Clutch: Moments of Clarity
Wednesday, April 18, 2012 at 9:24AM There’s a viral video going ‘round, a clip from an upcoming documentary “Alive Inside” about (their description) “the power music has to ‘awaken’ minds considered closed.” The “subject” is Henry, an older man in an assisted living home. When his nurse speaks to him, he answers to his name, but the other queries leave him confused. His daughter describes her memories of her once-vivacious father, the type of man who would break out into a full rendition of “Singing in the Rain” in the middle of a sidewalk. The camera pans to Henry in his heyday, a tall, strapping and well, hell, attractive man, and then back to him now, in his wheel chair, head hung low, seemingly closed off to the world. It’s hard a contrast.
Enter music. Henry’s nurse gives him an iPod Shuffle full of his favorite songs and he lifts his head, his eyes open wide. He taps his feet, shuffles his legs, rocks his body. They’re not drastic movements, but I imagine in his mind, he’s swinging around the street poles with his kids again or transported back to some Cab Calloway dance, limbs askew, doing what we’d now call “getting it in.” This time when he talks he’s animated, eyes open and full of energy, maybe something akin to being his old self.
I couldn’t stop myself from crying, a mixture of joy, a bit of marveling at the power of music, but a bit of fear too. I’m on what some call “the better side” of 30, beyond the “Forever Young” stage, and lately I’ve been thinking more about inevitability rather than invincibility.
I’ve started doing things I never thought I would too, like staying up at night thinking about my legacy, pondering with great seriousness what to do about three grey hairs (pluck, dye, ignore?), groaning like my grandmother used to, saying, “Lord, give me strength!” when I try to stand up after falling out after a good run. I used to think people were lying about the changes that come after 30. They weren’t. And it all makes me wonder how I’ll end up, well, at the end.

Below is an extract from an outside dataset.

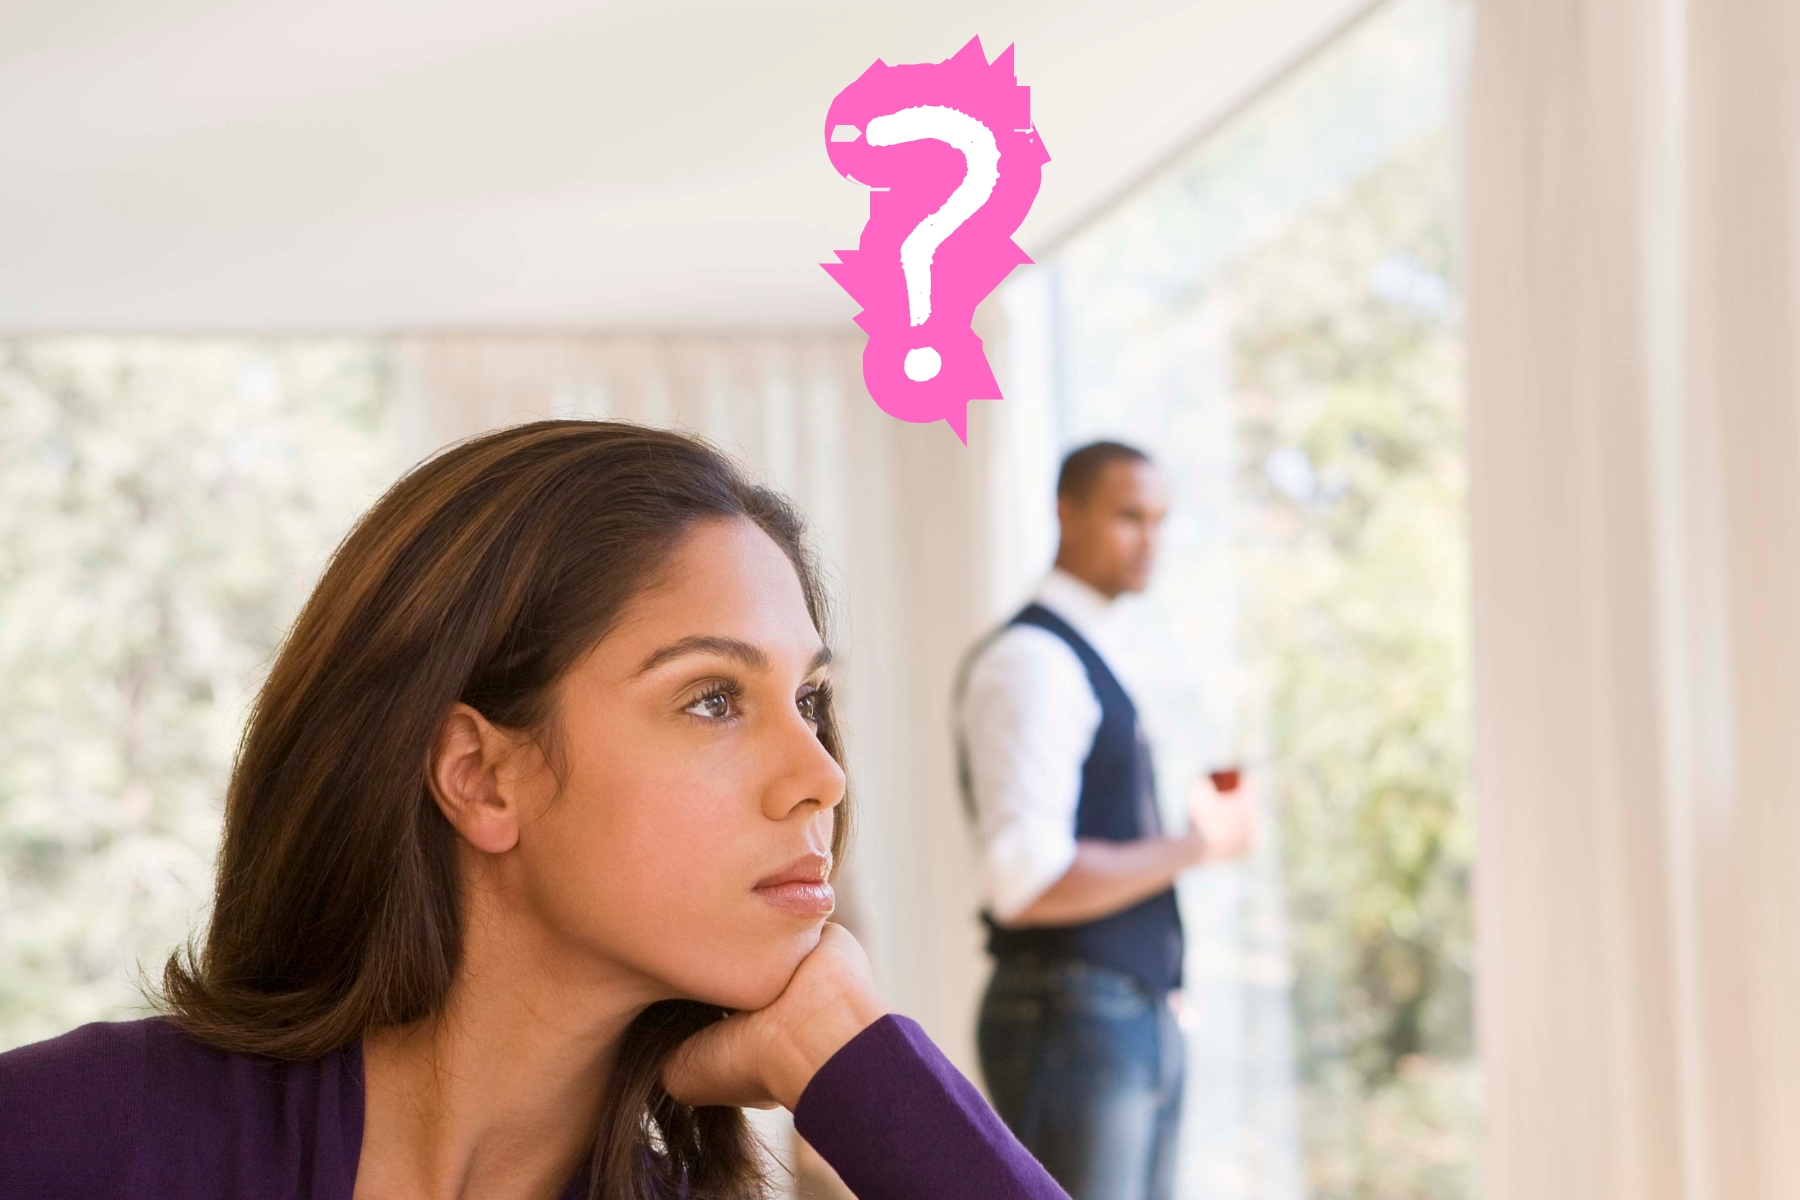 Descubra como identificar se sua namorada está pensando em terminar, com base em sinais de comportamento e comunicação.

My grandmother was already in her sixties by the time I entered the world. I saw the pictures of her as a young woman; trim waist, full Marcel-curled black hair and a jubilant smile that few people wear after 25, the age when most have seen enough in the world to dull the glow just a bit. By the time my grandmother and I met, her curves had filled out, and her full hair was thin and grey.
She was the First Lady of her church, its organist and choir director. She maxed out at five-feet, but behind her back the kids in the youth choir mocked her catchphrase, a threat of “I’ll break your leg!” when they acted up. No one really thought she’d do it, but then no one acted a fool long enough to test the theory. It was Detroit in the 80s, even ladies could get a little gangster when need be.

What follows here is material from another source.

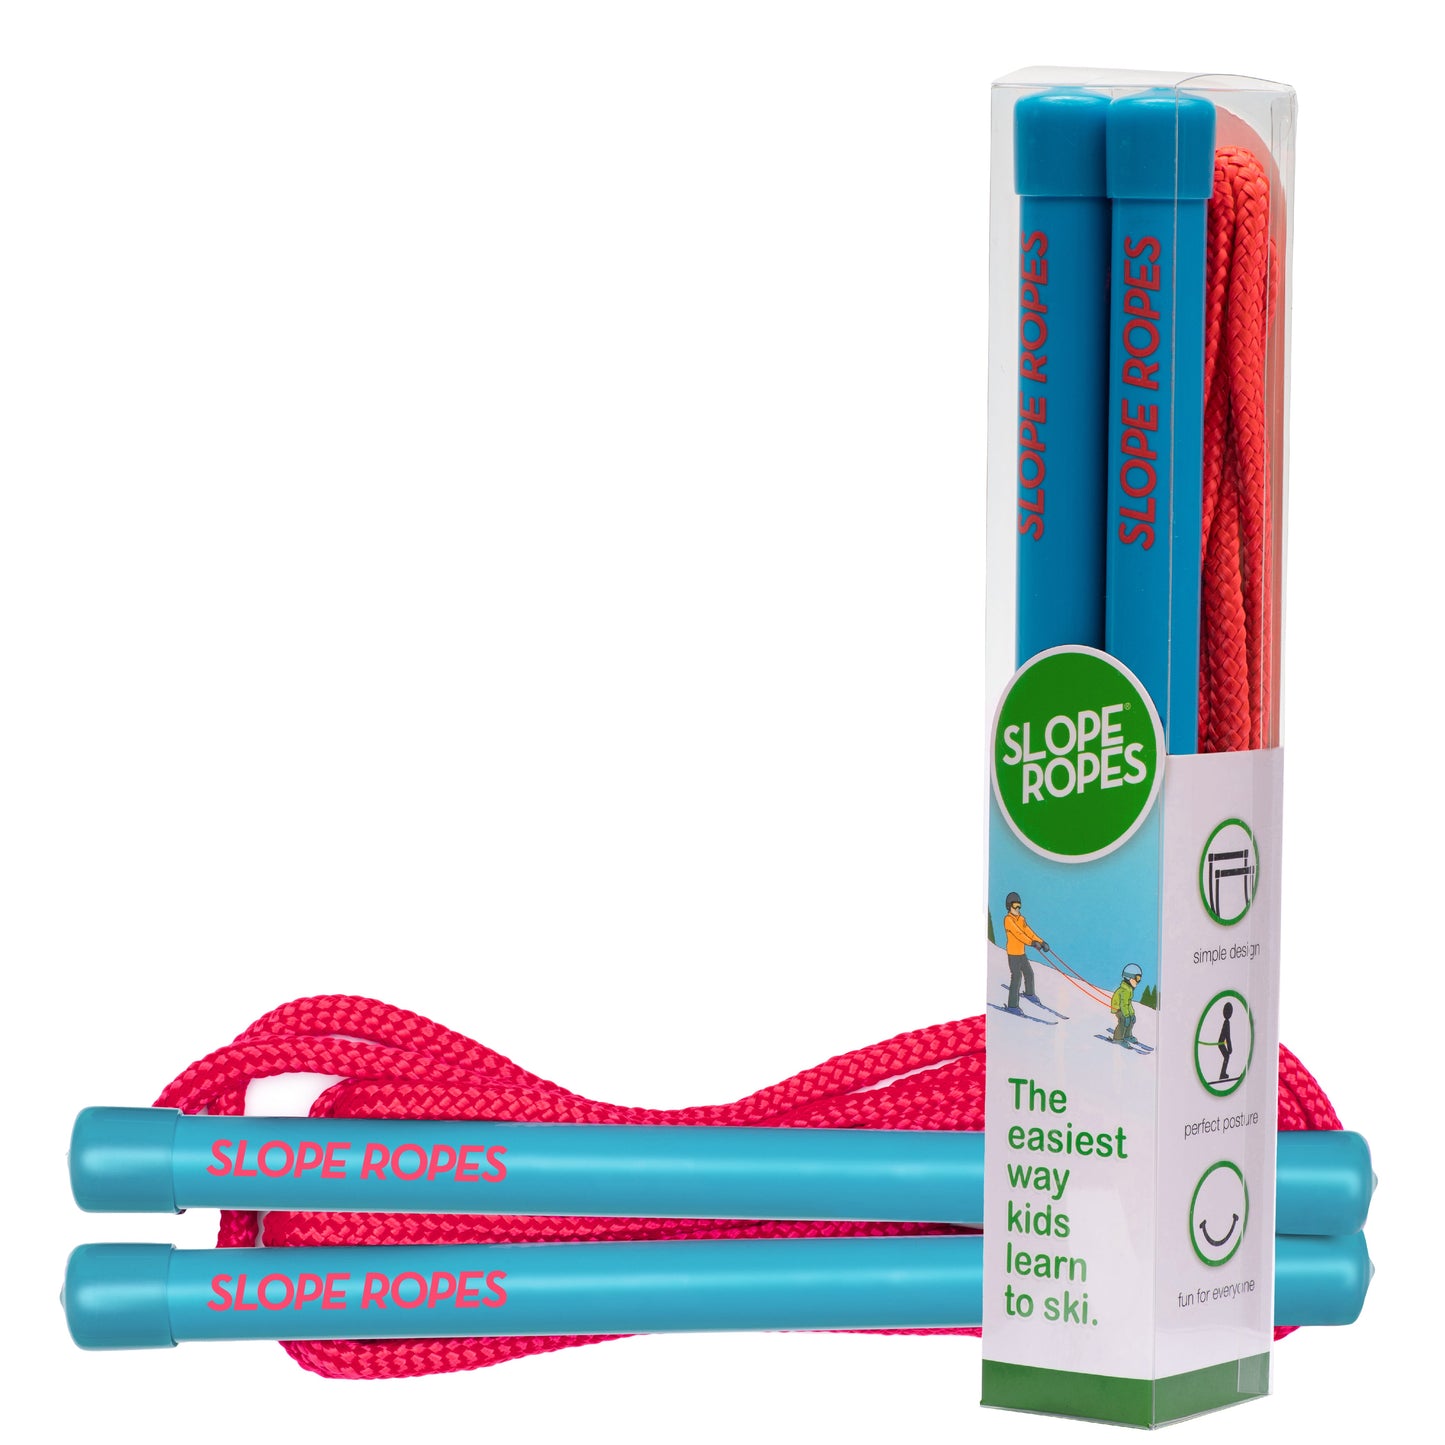 Slope Ropes® Kids Ski Trainer

I was around 12 and she was in her 70s when my family noticed her short-term memory was failing. She would consistently forget where she left her purse, the car keys, or if she added salt to the neck bones. We figured it was a symptom of advanced age. She had my grandfather, who was still operating on all cylinders, so we didn’t worry so much about her. Years later, her doctor informed my mother that we’d missed the early stages of Alzheimer’s, not that there was much we could do about it anyway.
In my mid 20s, I sat in the second row next to my grandmother at my grandfather’s funeral, directly in front of the casket. She couldn’t remember that my grandfather was gone and didn’t recognize “that man,” as she put it, “who’s laying up there.” So there we sat in a surreal moment with her oblivious that the stranger laid out for his Homegoing under a purple drape not five feet in front of her was her husband of six-plus decades.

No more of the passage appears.